Retrieval-Augmented Generation with Documentation

aka. RAG Doctor 🧑‍⚕️

This repository showcases a Retrieval-Augmented Generation (RAG) system for interacting with documentation that uses natural language queries to retrieve and summarize relevant information.

interactive-demo.webm

Overview

Creates a Qdrant vector database for embeddings from the given CSV file(s)
- The vector database is used for fast similarity search to find relevant documentation
- We use a CSV based on Hugging Face documentation as an example
Uses OpenAI's embeddings for similarity search and GPT models for high-quality responses
Provides an interactive interface for querying the documentation using natural language
Each query retrieves the most relevant documentation snippets for context
Answers include source links for reference

Prerequisites

Valohai account to run the pipelines
OpenAI account to use their APIs
Less than $5 in OpenAI credits

Setup

If you can't find this project in your Valohai Templates, you can set it up manually:

Create a new project on Valohai
Set the project repository to: https://github.com/valohai/rag-doc-example
Save the settings and click "Fetch Repository"

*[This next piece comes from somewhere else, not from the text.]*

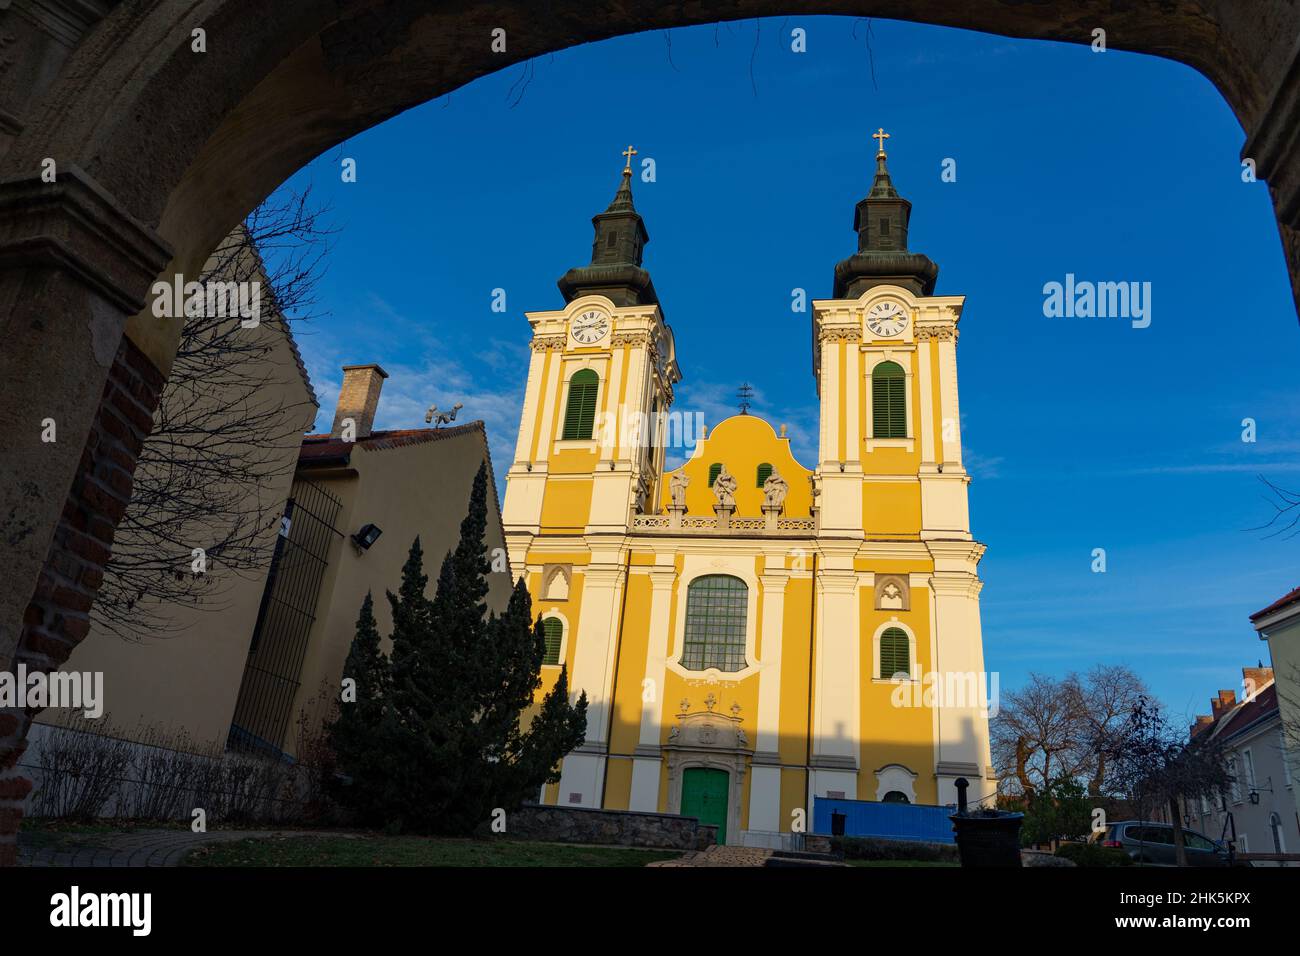 Saint Imre cathedral of Szekesfehervar Hungary with an arch gate Stock Photo

This makes sure the project is up to date
🔑 Create an OpenAI API key for this project
- We will need the API key next so record it down
Assign the API key to this project:

You will see ✅ Changes to OPENAI_API_KEY saved if everything went correctly.

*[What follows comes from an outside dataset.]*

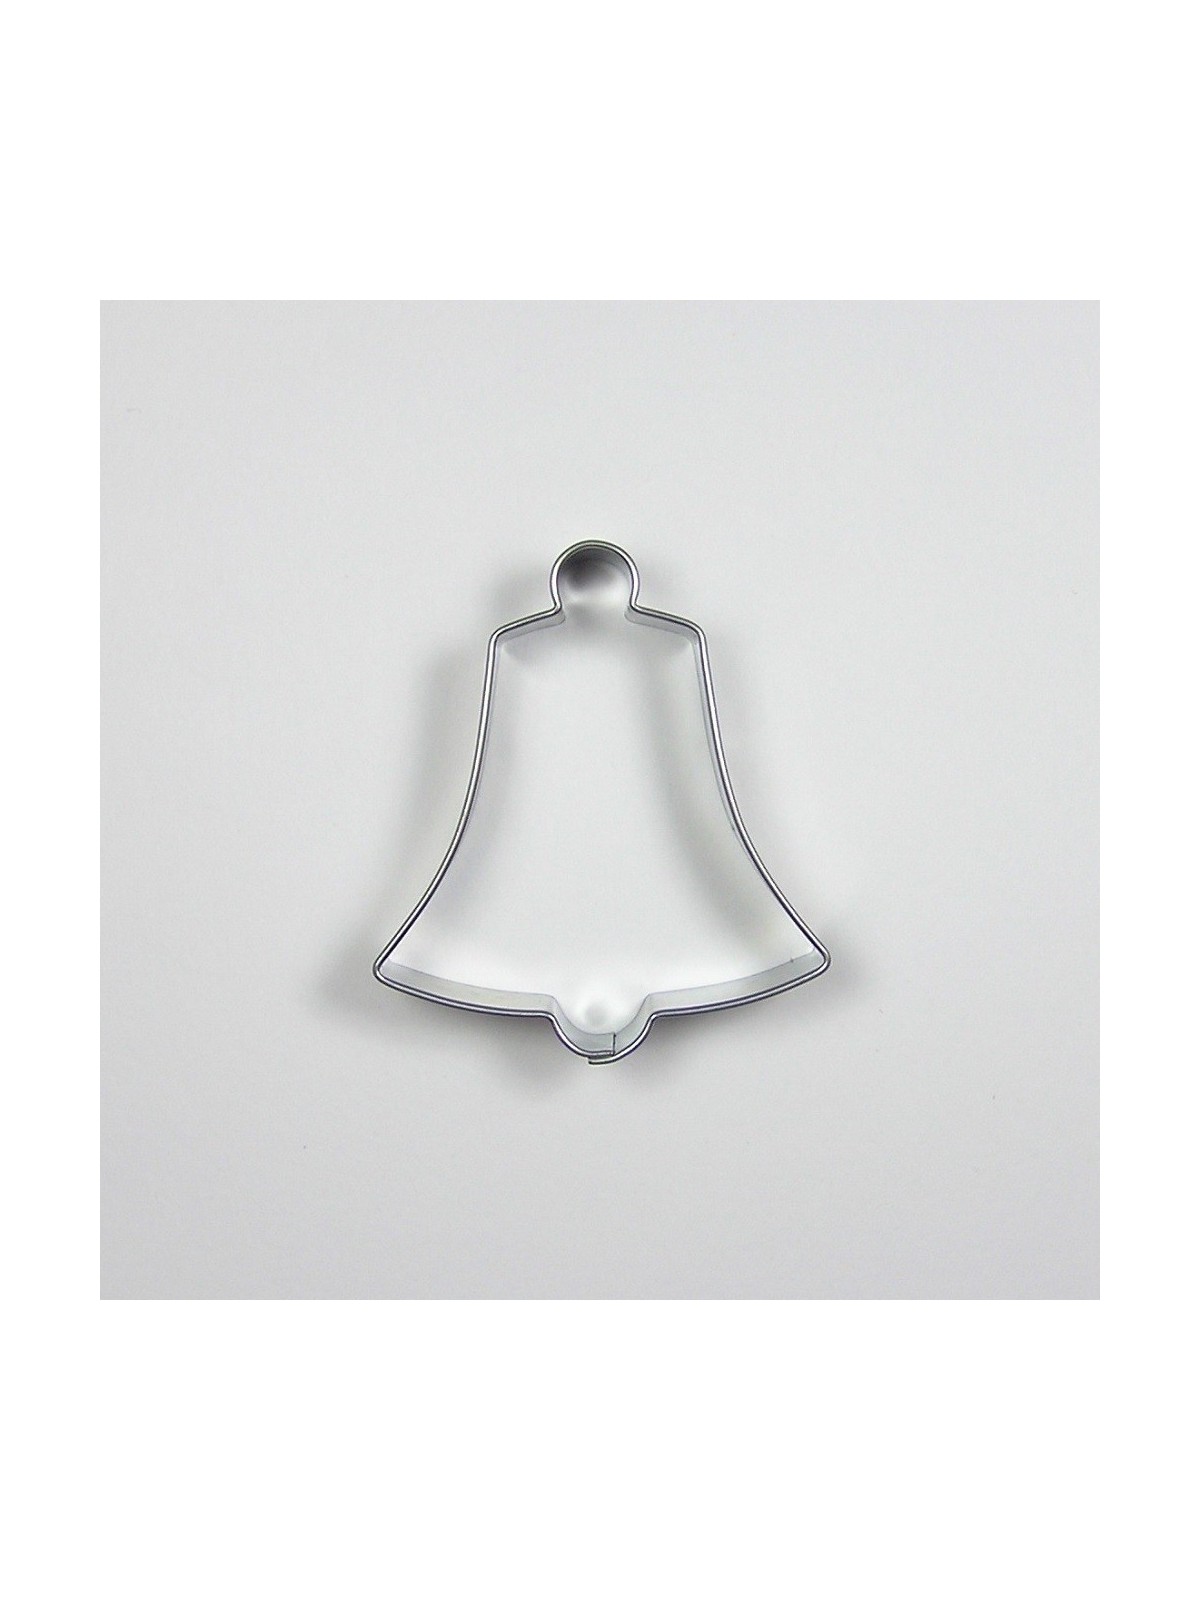 Stainless steel cutter - bell

And now you are ready to run the pipelines!

Usage

Navigate to the "Pipelines" tab
Click the "Create Pipeline" button
Select the "assistant-pipeline" pipeline template
Click the "Create pipeline from template" button
Feel free to look around and finally click the "Create pipeline" button

This will start the pipeline:

Feel free to explore around while it runs.

When it finishes, the last step will contain qualitative results to review:

This manual evaluation is a simplification how to validate the quality of the generated responses. "LLM evals" is a large topic outside the scope of this particular example.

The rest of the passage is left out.